> **ACTION ITEM**: What is needed is an exact reproduction of the lines from the one that contains "Cardone 36-102 Remanufactured" through the end of the data, both included and nothing else, with pictures omitted.

> **GIVEN MATERIAL**:
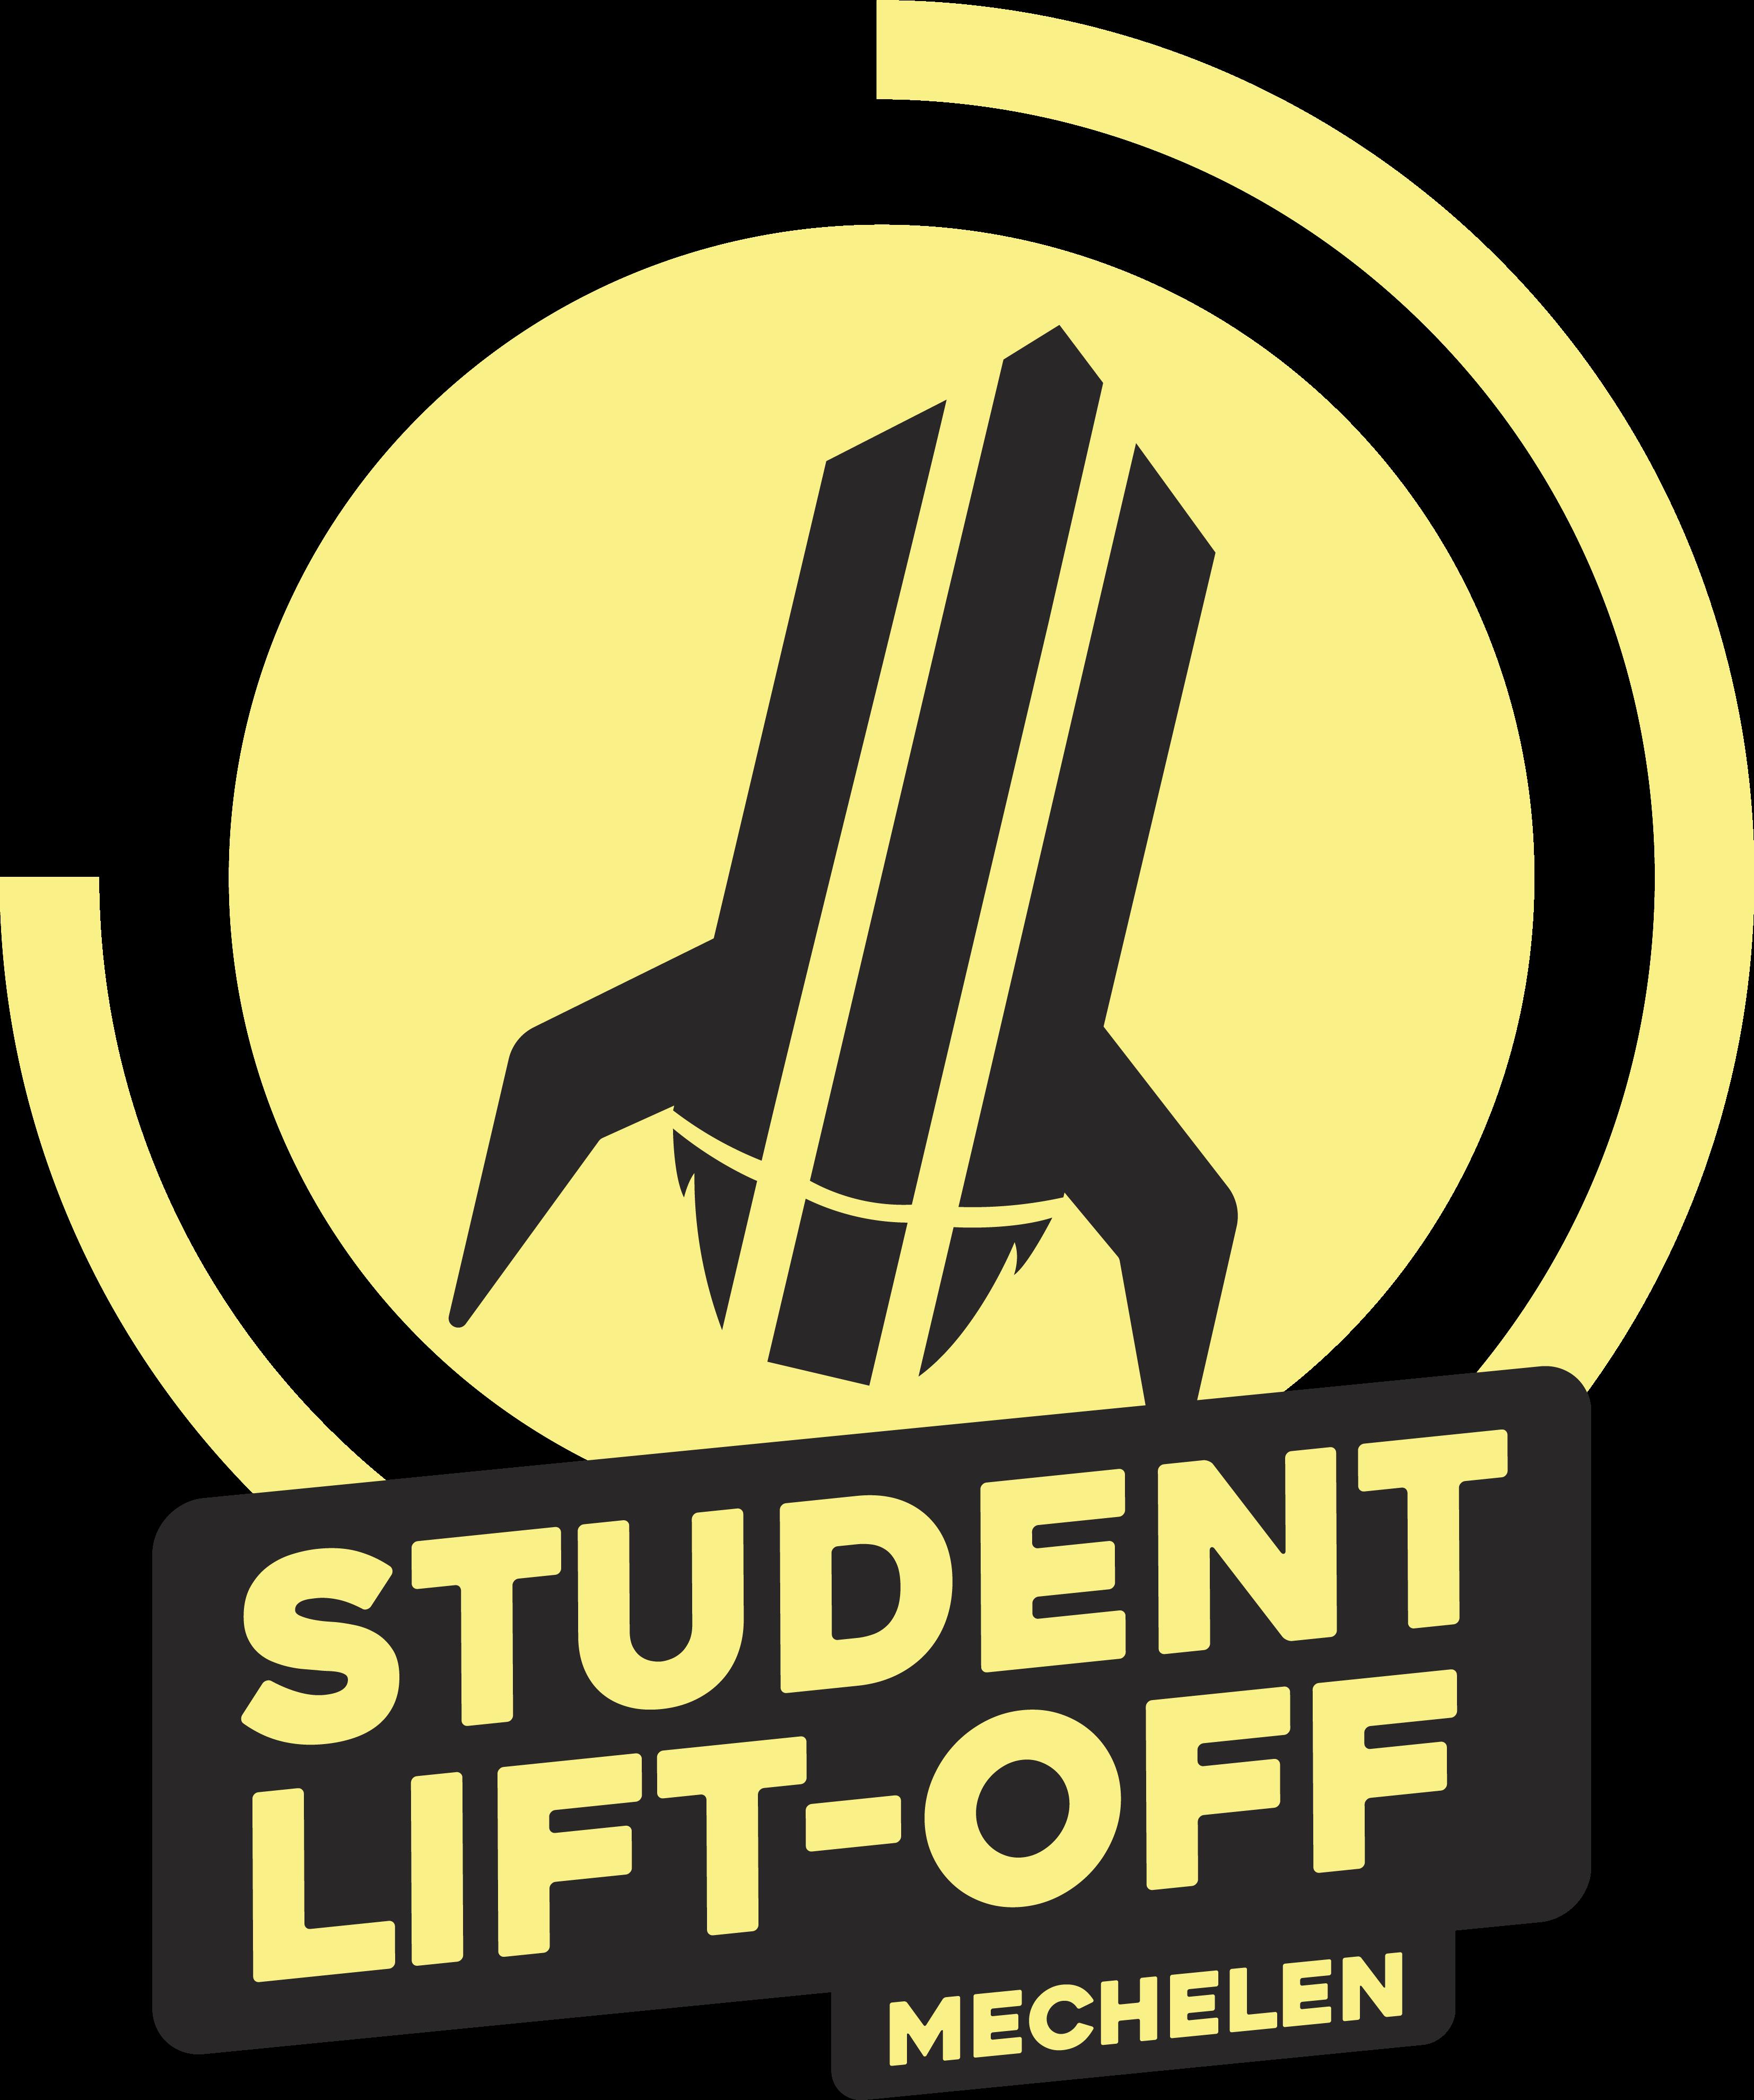 Student Lift-Off
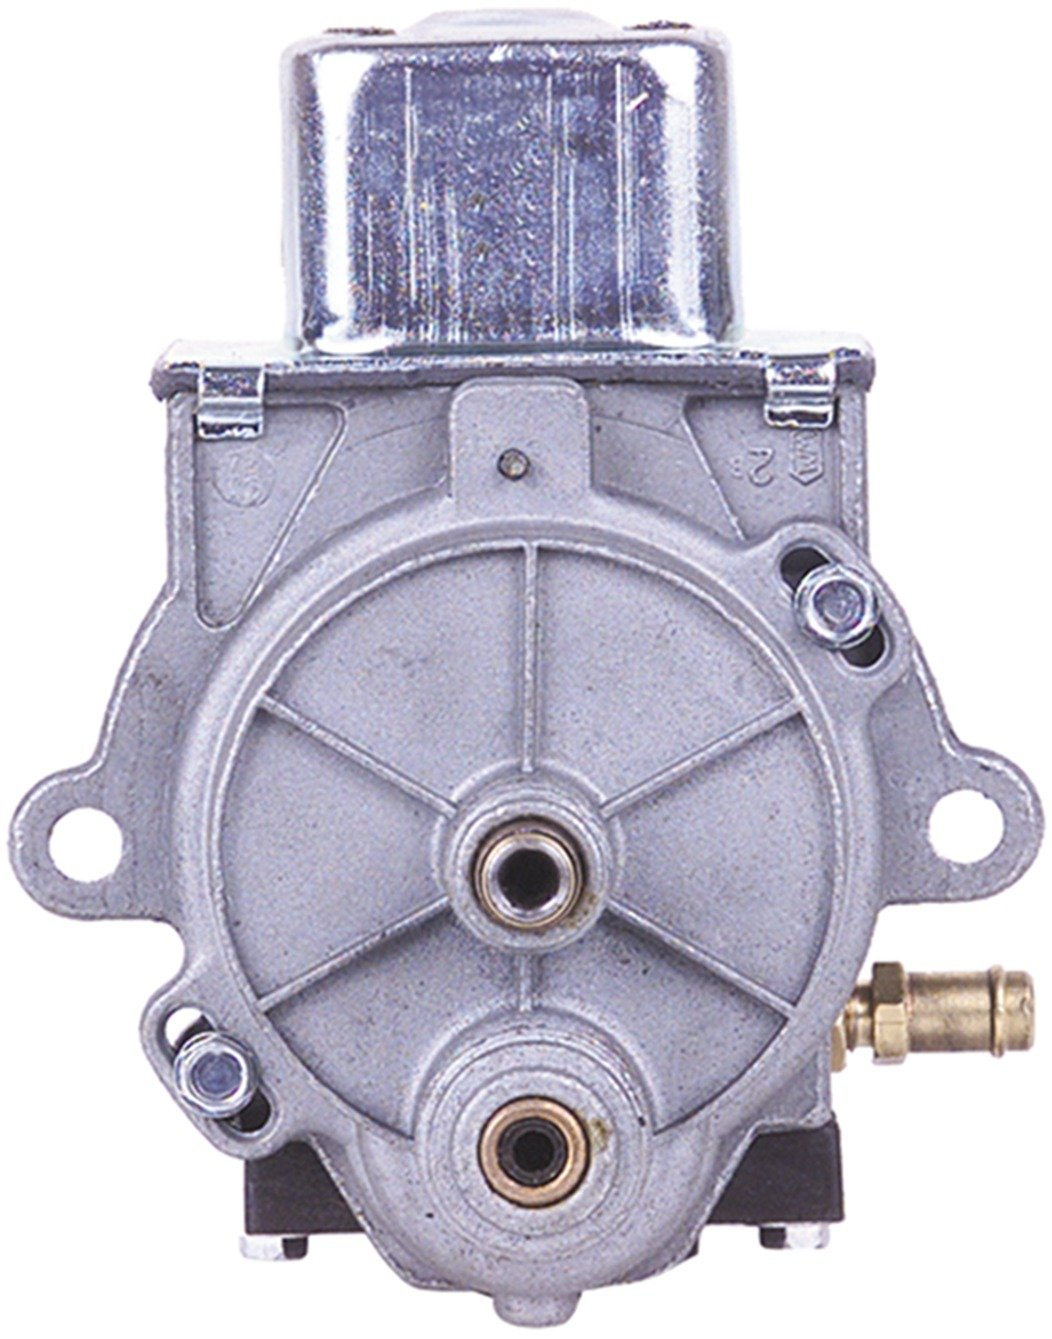 Cardone 36-102 Remanufactured Cruise Control Transducer A1 Cardone AA136102
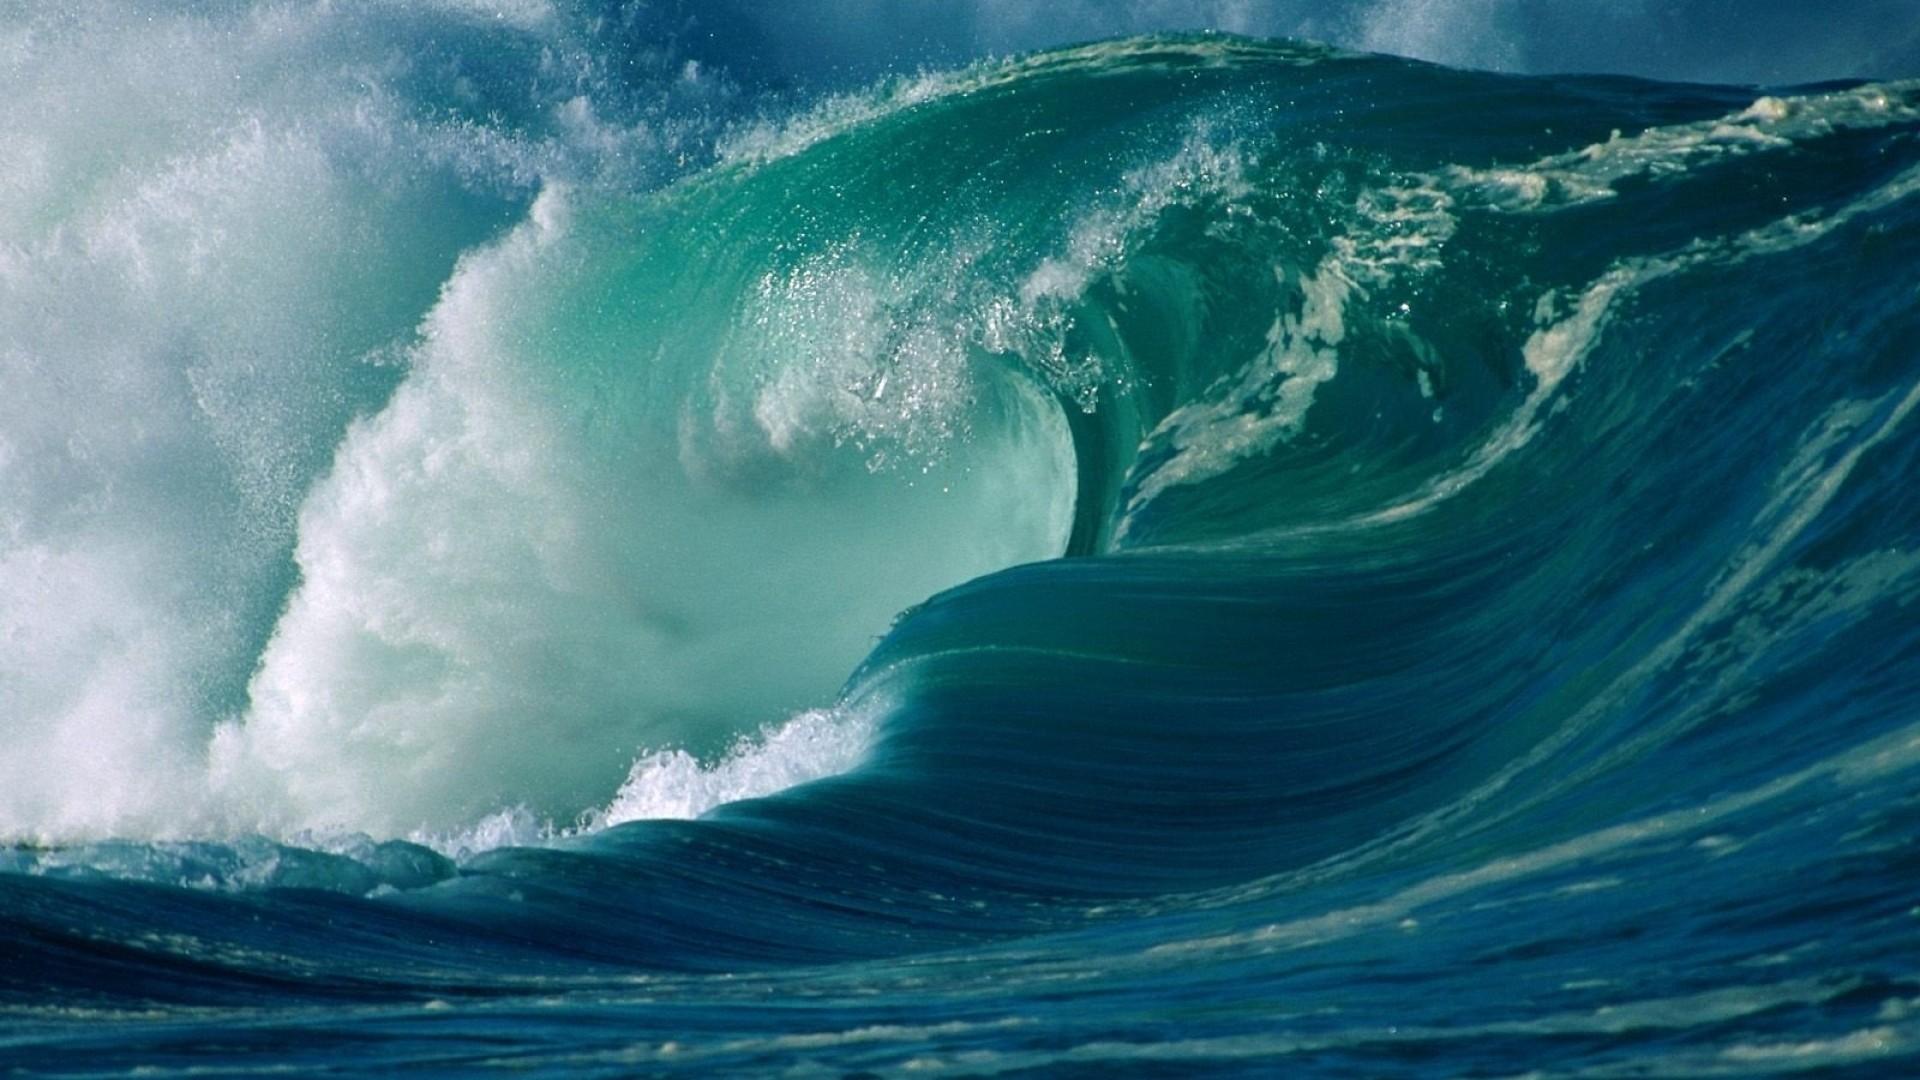 Wallpaper wave, elements, stream, ocean, hawaii
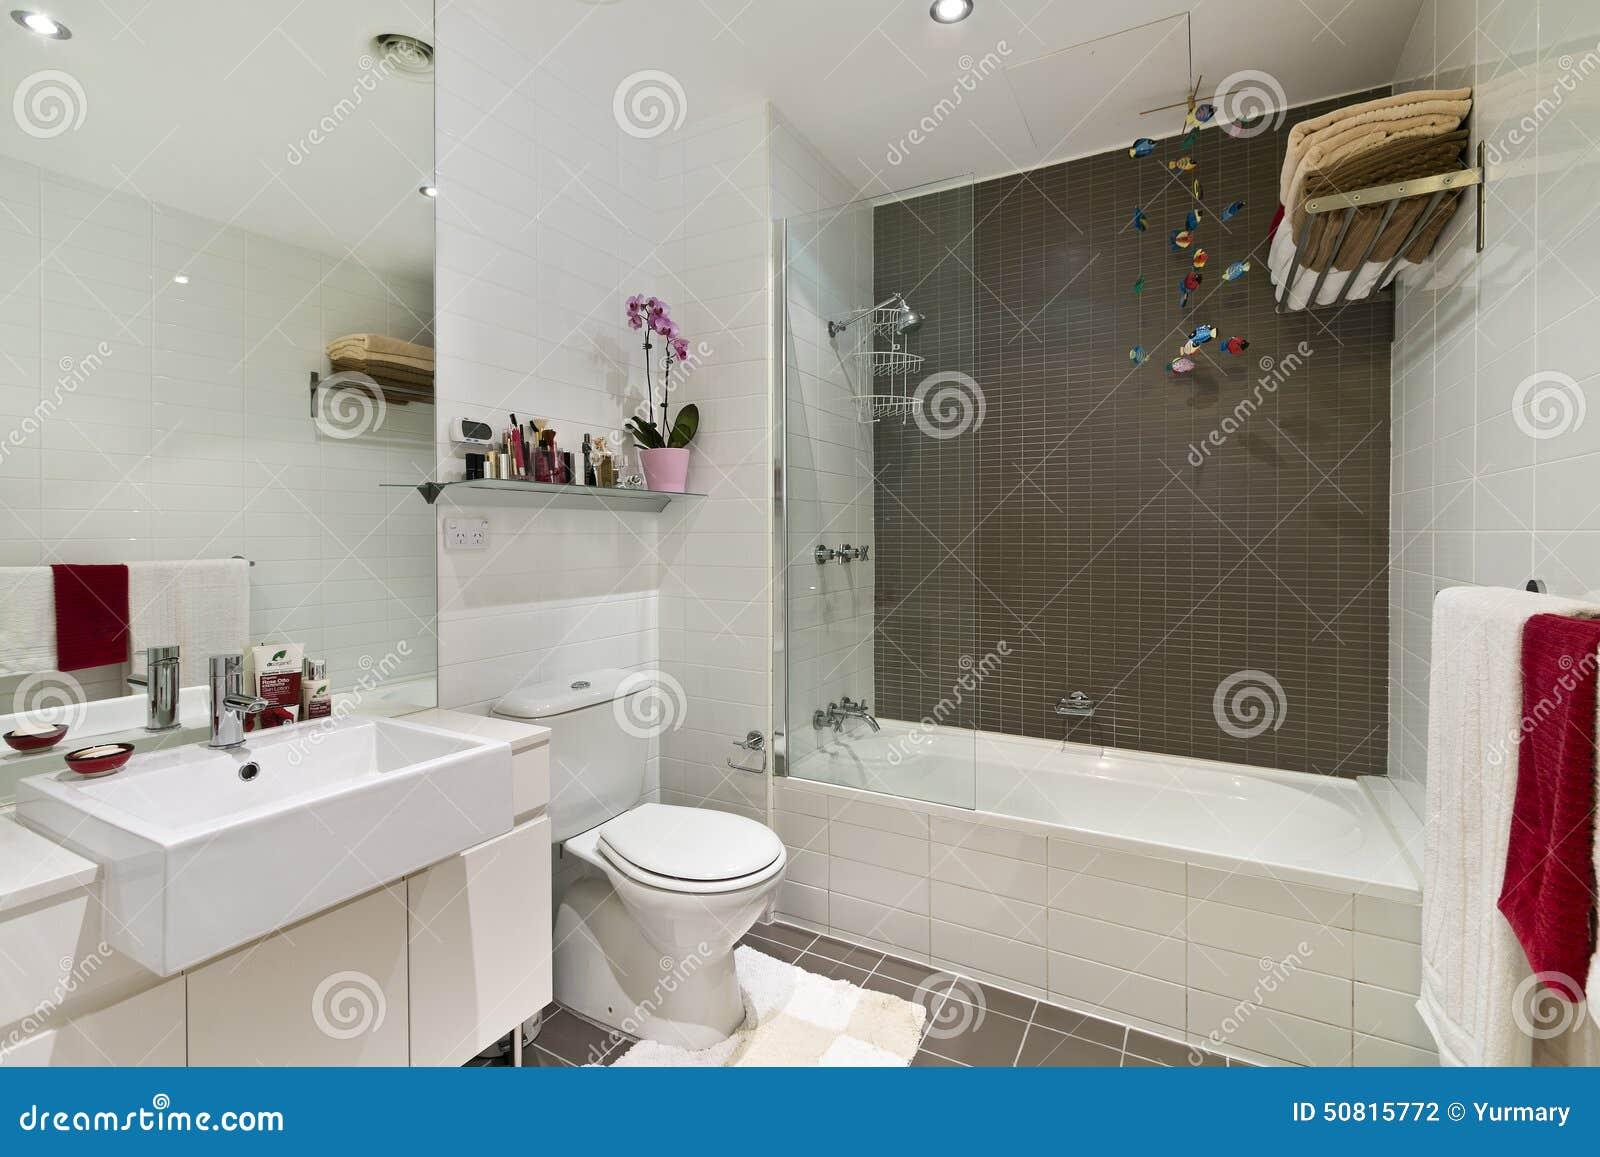 Salle de bains moderne en appartement de luxe photo stock for Salle de bain de luxe moderne

> **FINAL ANSWER**:
 Cardone 36-102 Remanufactured Cruise Control Transducer A1 Cardone AA136102
 Wallpaper wave, elements, stream, ocean, hawaii
 Salle de bains moderne en appartement de luxe photo stock for Salle de bain de luxe moderne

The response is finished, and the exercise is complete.